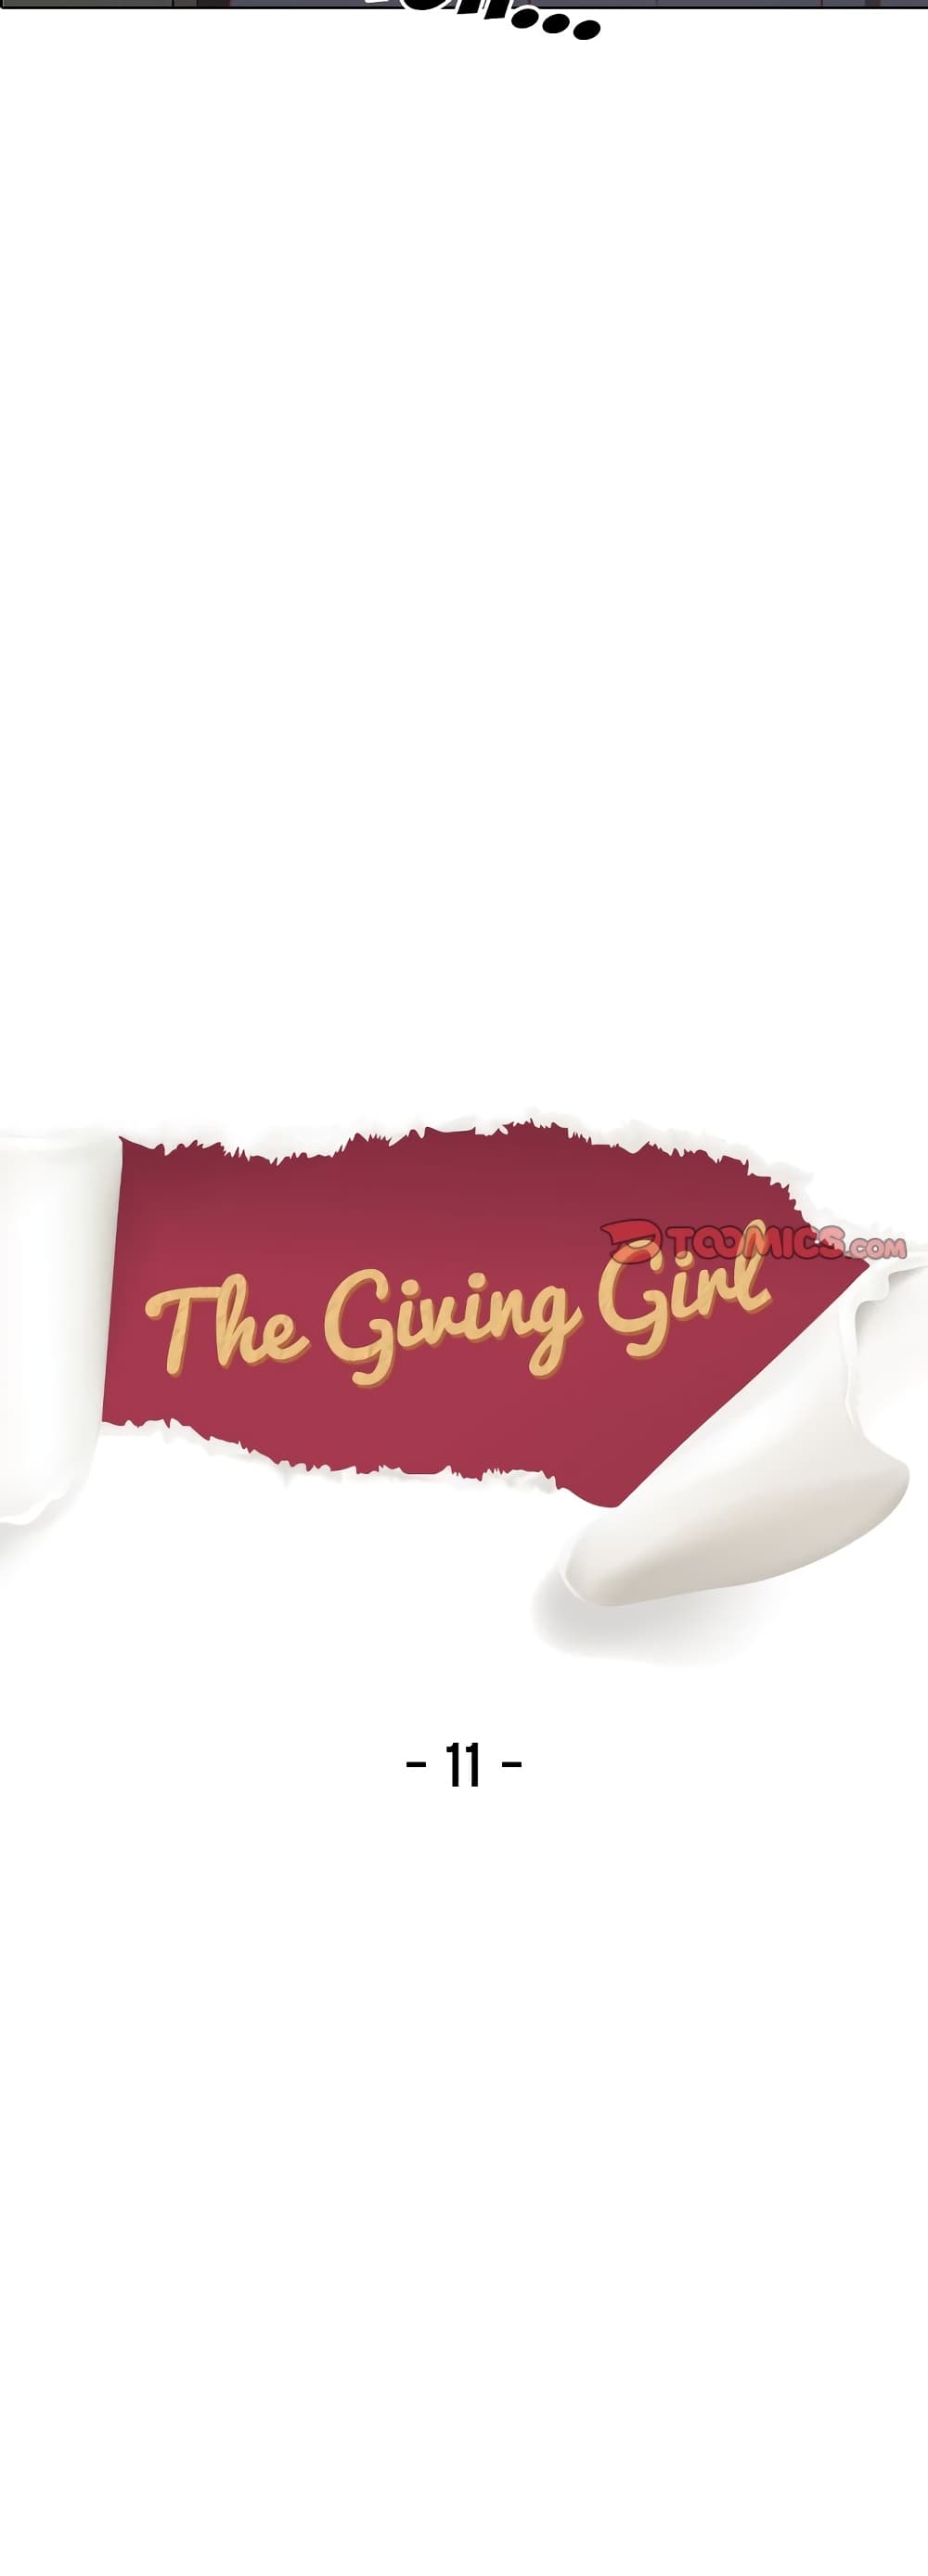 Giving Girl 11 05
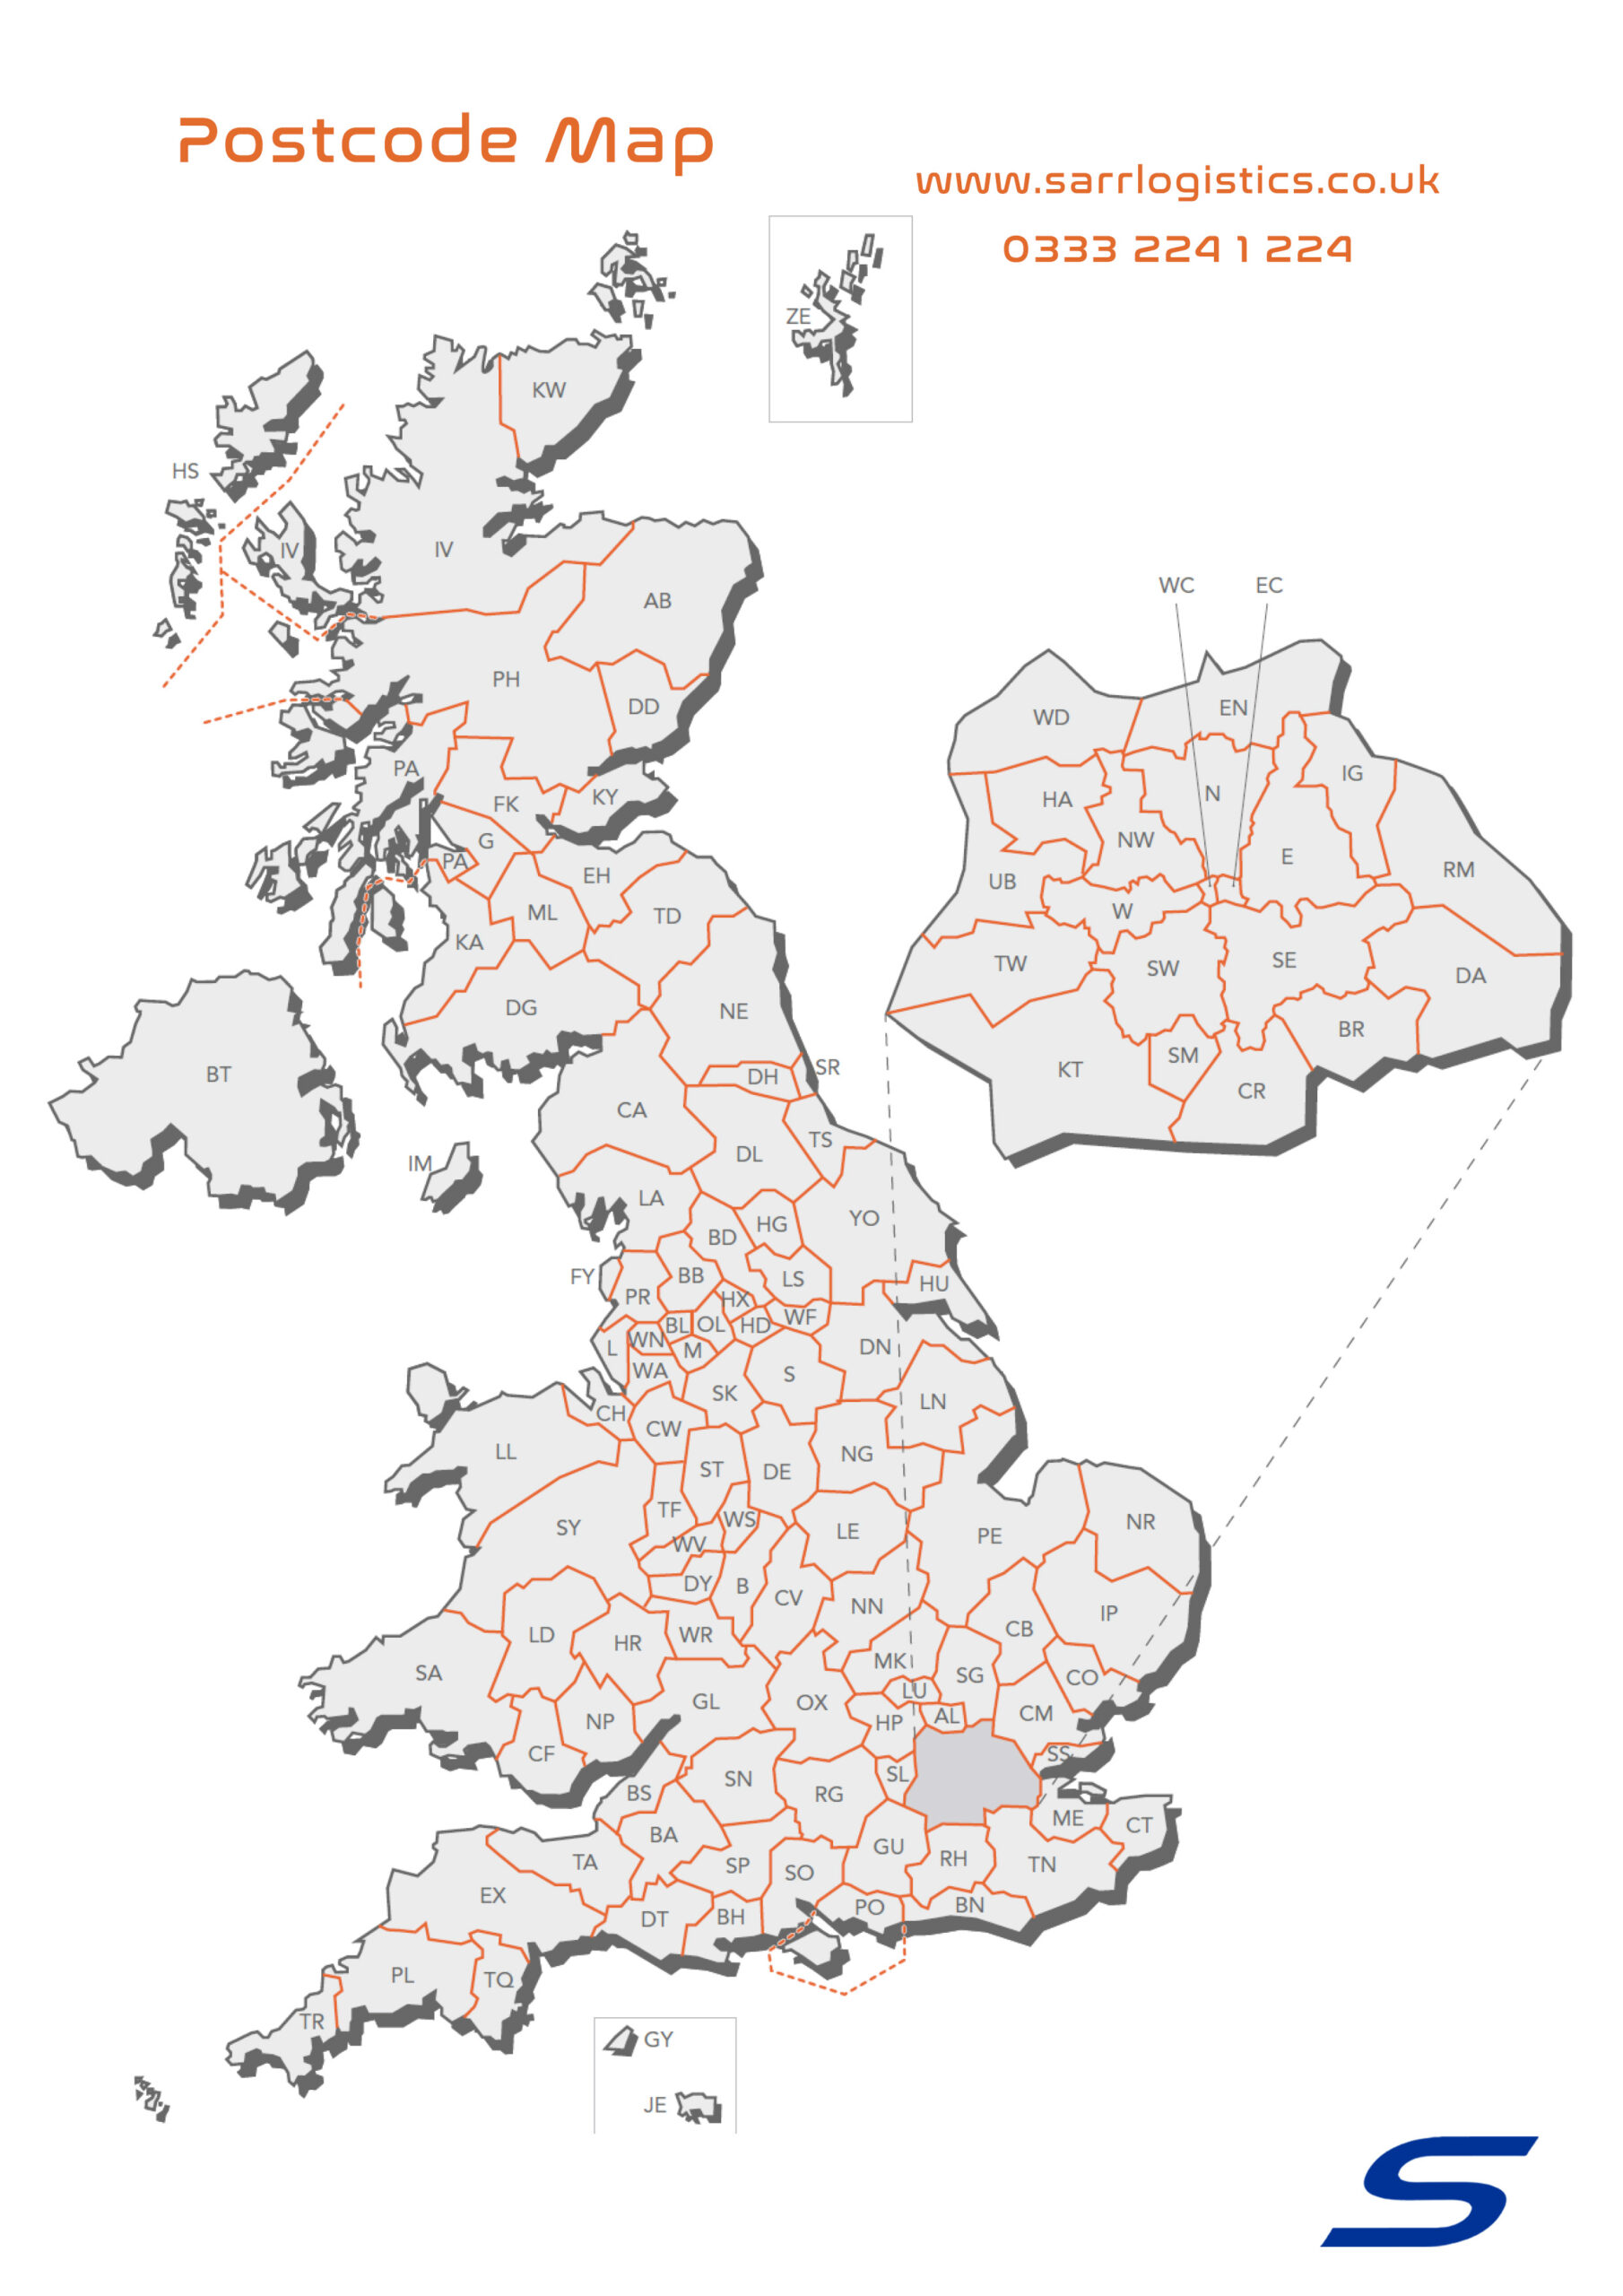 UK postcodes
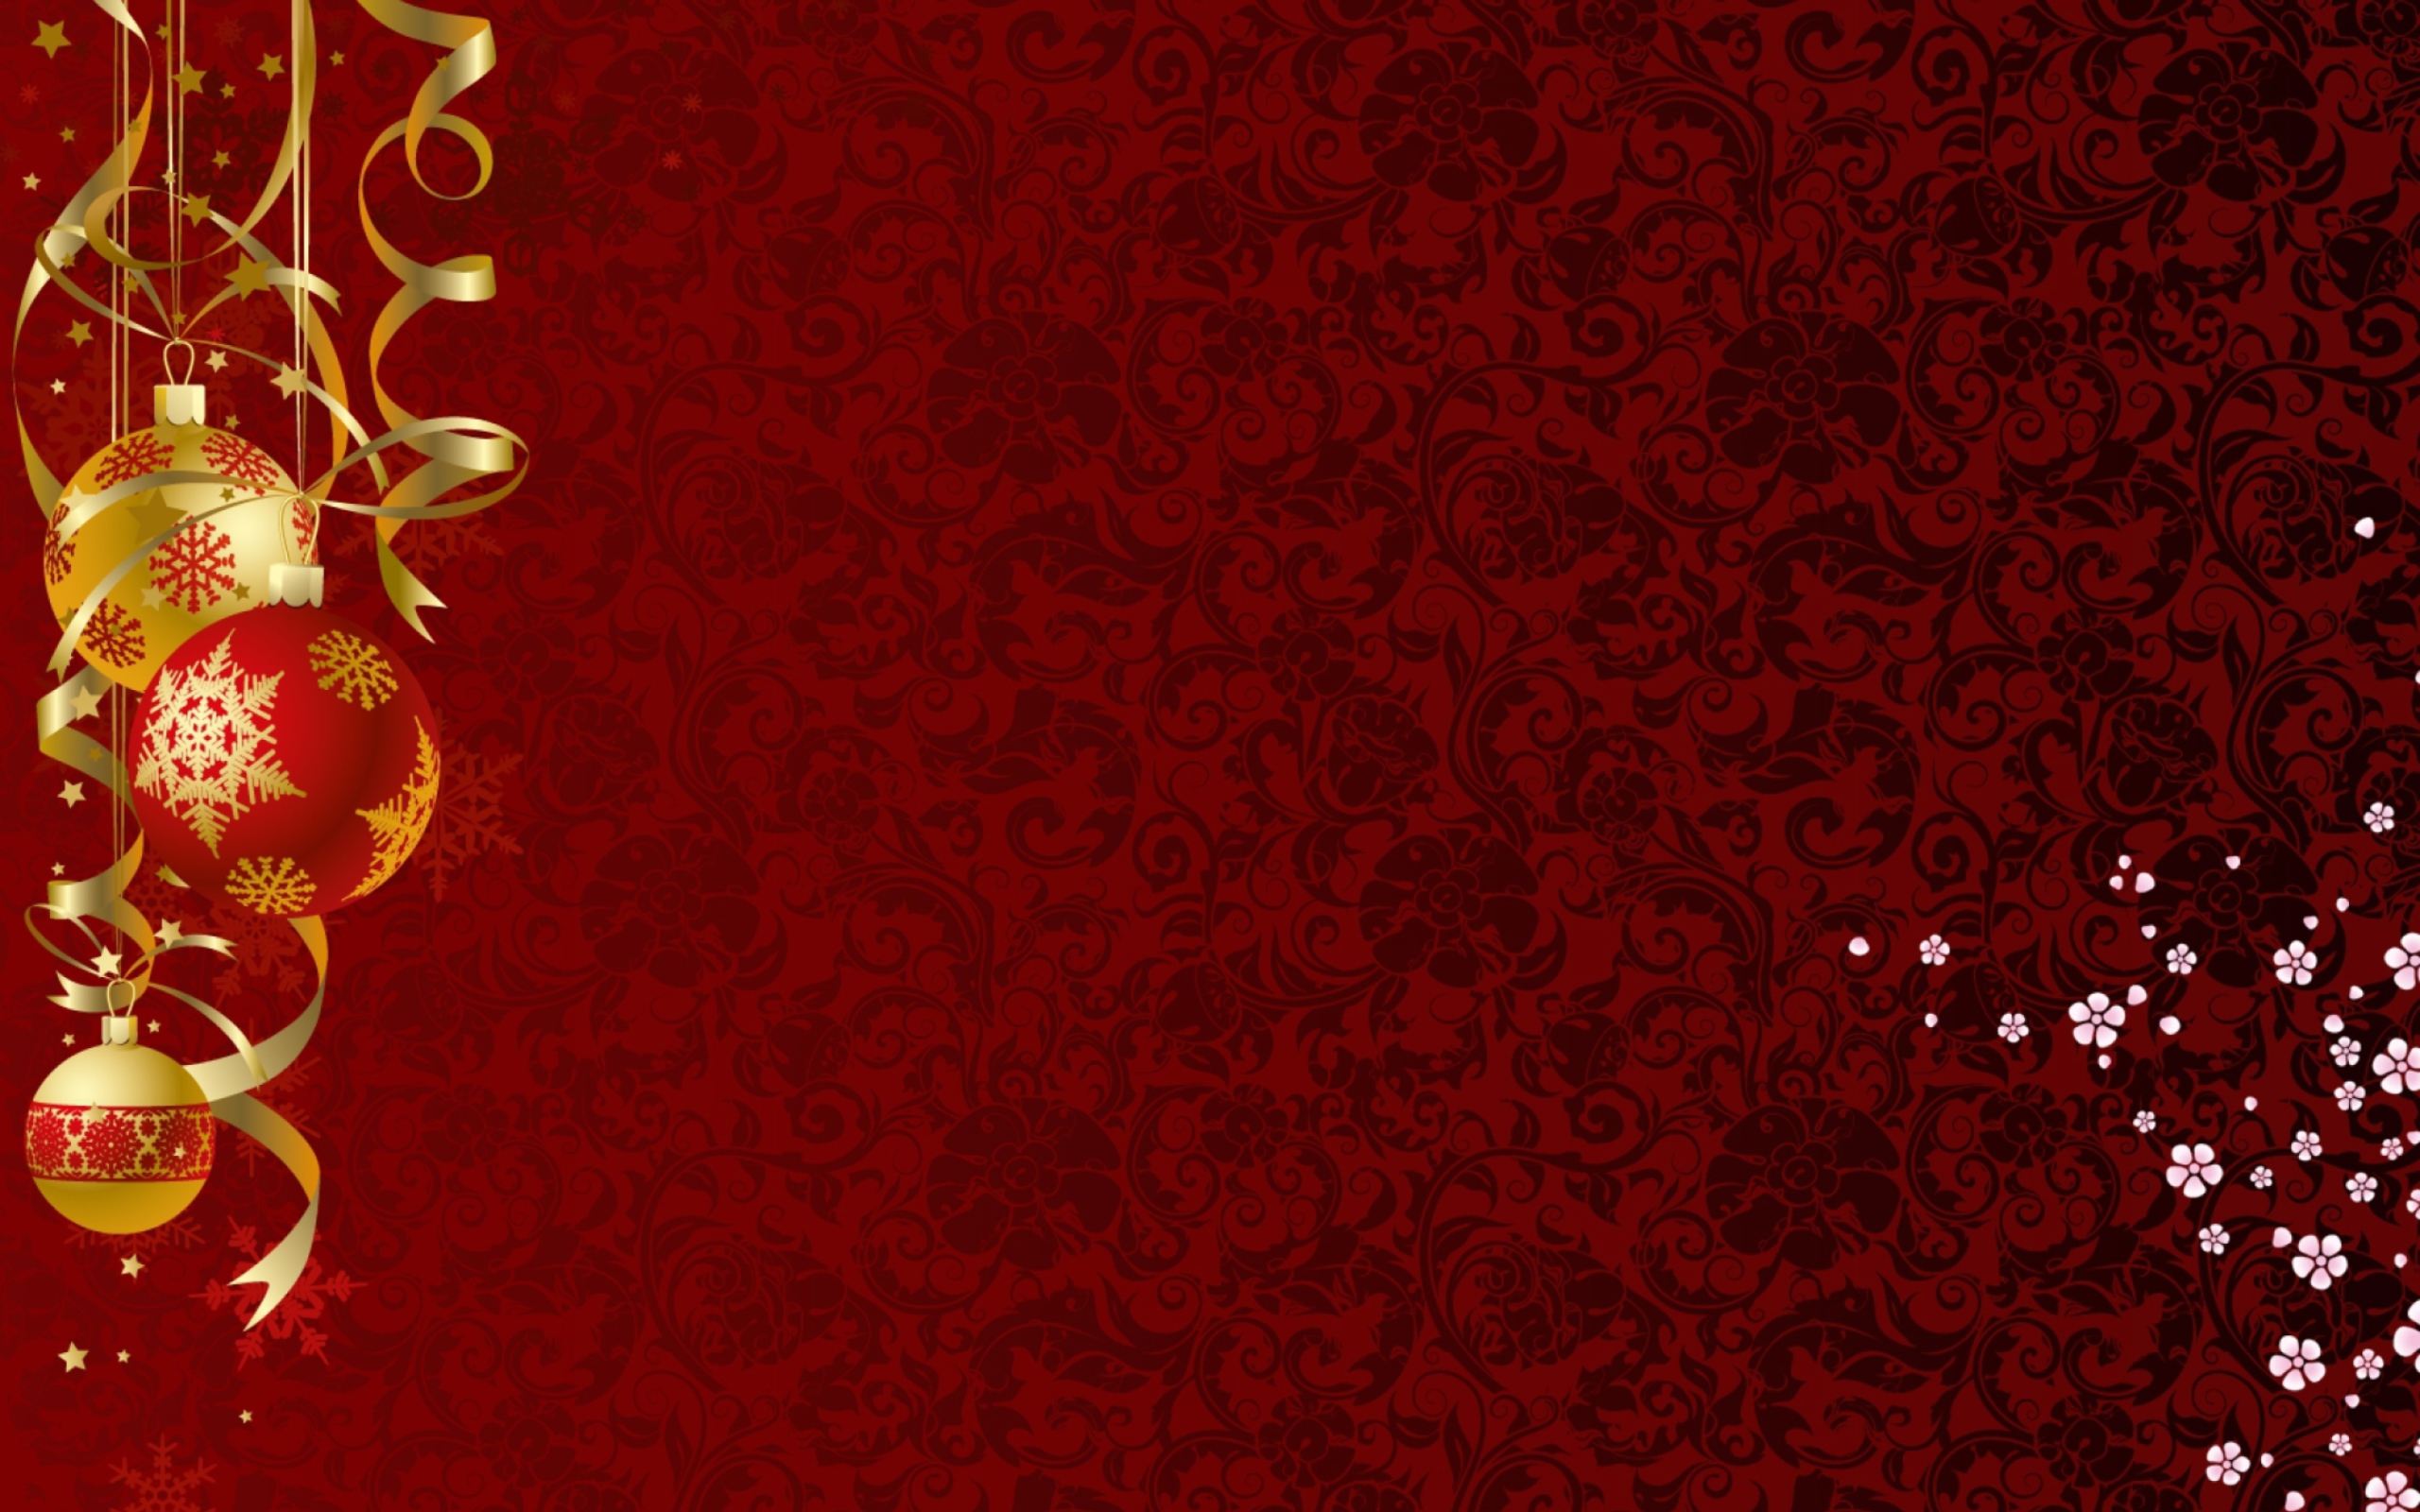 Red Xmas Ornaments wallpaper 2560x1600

*About this task*. Skipping any images, write out all the data exactly.

*Response to this task*.
 Giving Girl 11 05
 UK postcodes
 Red Xmas Ornaments wallpaper 2560x1600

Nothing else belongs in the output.